Episode 3
The Comparison Economy — Why Nobody Feels Rich Anymore

Pawan’s phone was working perfectly.
The battery was fine.
The camera was decent.
The screen had no cracks.
But after watching three friends upload photos with new iPhones in the same month suddenly, his own phone started feeling old.
That is how modern dissatisfaction begins, quietly not because life became worse but because somebody else’s life started looking better.
Three years ago, Pawan used social media to relax. Today, it silently pressures him.
Every scroll feels like a reminder:
- someone bought a car,
- someone went to Bali,
- someone got promoted,
- someone bought a house,
- someone is “winning” at life.
And slowly, without realizing it comparison becomes a monthly expense.
Pawan earns ₹38,000 a month now, technically, he earns more than he did two years ago but strangely, he feels financially smaller because the more society upgrades visually
the more middle-class people feel emotionally left behind.

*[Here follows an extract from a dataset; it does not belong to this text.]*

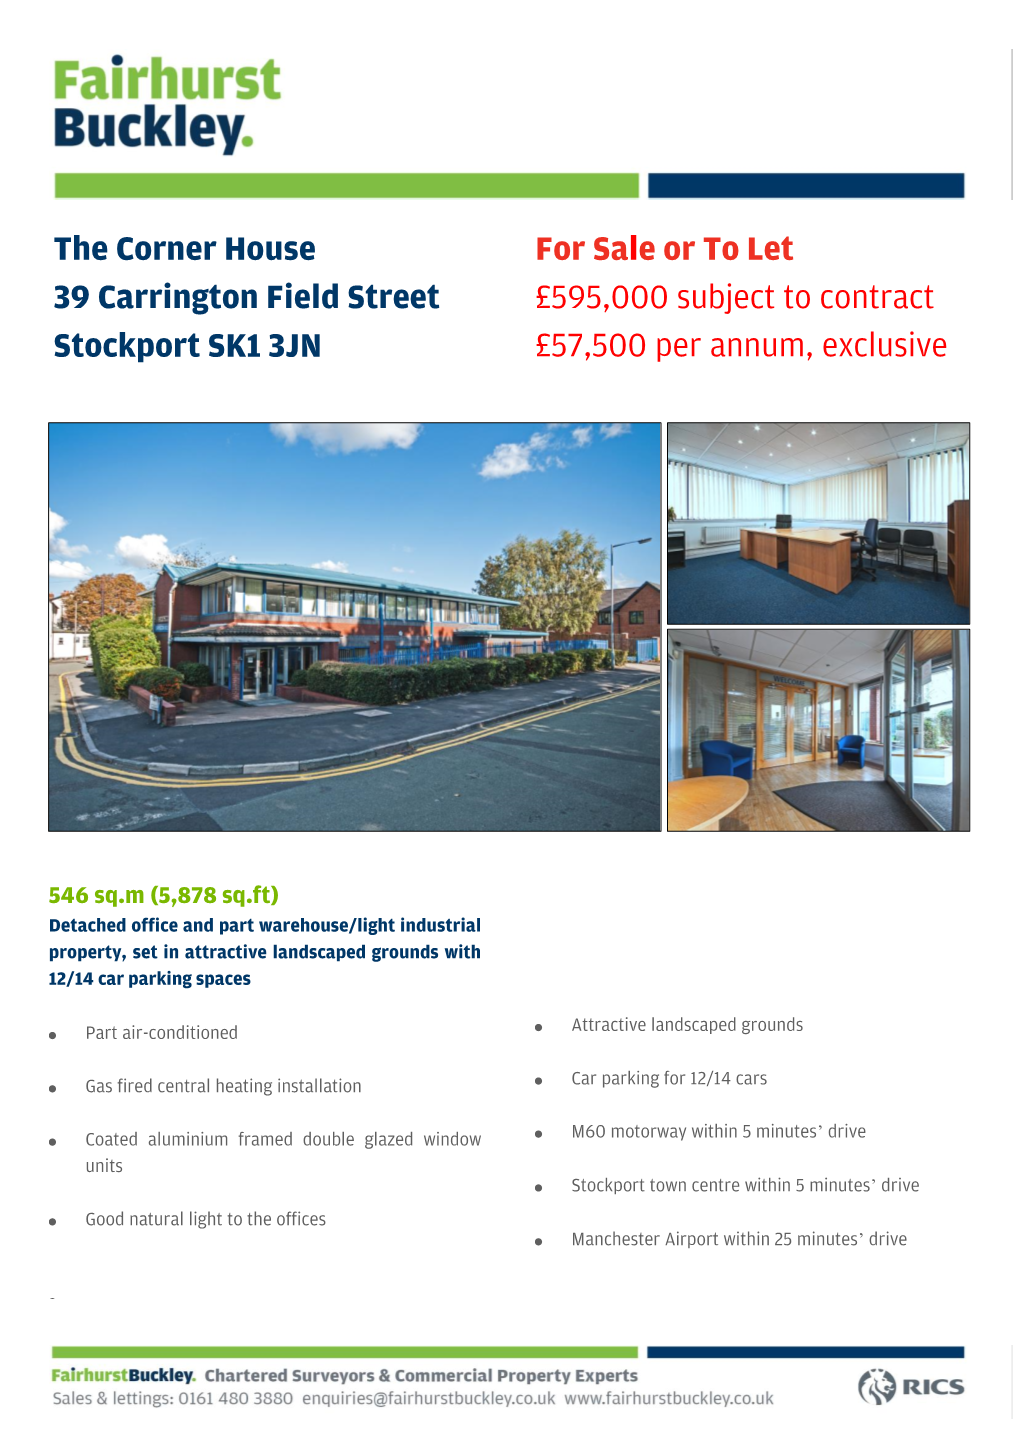 The Corner House 39 Carrington Field Street Stockport SK1 3JN for Sale

One weekend Pawan sat with his friends at a café in Bengaluru. The table looked so expensive not because the people were rich but because everybody was trying to look financially comfortable. One friend upgraded his bike recently. Another bought the latest iPhone on EMI. Someone booked an international trip through a credit card offer. Someone casually mentioned stock market profits. The conversation sounded successful. But underneath it all, almost everyone at that table was financially stressed. Nobody admitted it because modern middle-class culture has an unwritten rule: “Struggle privately. Appear stable publicly”
A few days later, Pawan opened an online shopping app “just to browse.”
Two hours later, he had ordered:
- branded shoes,
- wireless earbuds,
- a smartwatch strap,
- and a dinner coupon he didn’t even need.
Total amount: ₹11,480.
Paid using: “Buy Now Pay Later”, At first, it felt exciting. Then came the monthly deductions.
This is the new economy nobody openly talks about. An economy where people are no longer buying things only for utility.
They are buying emotions:
- status,
- validation,
- confidence,
- belonging,
- relevance.
Because in today’s world, appearing successful often matters more than feeling peaceful.
And social media understands this perfectly. Every platform survives on one powerful business model: Make ordinary people feel incomplete. That’s why your feed constantly shows:
- luxury lifestyles,
- productivity influencers,
- perfect relationships,
- expensive gadgets,
- aesthetic workspaces,
- “Success before 30” stories.
Not because everyone is truly living like that but because aspiration keeps people consuming.
Modern consumer culture had quietly transformed spending into emotional therapy and businesses were profiting from loneliness, insecurity, and comparison. Savings left: Almost nothing. The painful part? Most of these expenses were not survival expenses, they were comparison expenses.
The middle class today is trapped in a dangerous psychological race not to become rich but to avoid feeling unsuccessful and there’s a difference, A huge difference.
Because once financial decisions become emotional logic slowly disappears.
Why peace feels rare now? Because comparison never ends.
There will always be:
- a better phone,
- a bigger house,
- a higher salary,
- a better vacation,
- a richer friend,
- a more successful colleague.
The finish line keeps moving and the middle class keeps running.
The Mantra Take
The modern middle class is no longer competing with neighbours. It is competing with entire timelines. Thousands of lifestyles, Millions of edited realities and slowly, social media has transformed comparison into a full-time economy.
An economy where insecurity creates consumption, where validation creates spending where appearances quietly become financial pressure but hidden inside this noise, there are still a few people choosing a different path.
People who:
- delay unnecessary upgrades,
- spend without performing,
- live below their salary,
- protect peace more than appearances,
- and understand that financial freedom is often invisible.
Because real wealth does not always look luxurious online, sometimes, it simply looks calm and maybe that is what the middle class truly messed up today.
Debt can sometimes be repaid but comparison? Comparison is endless.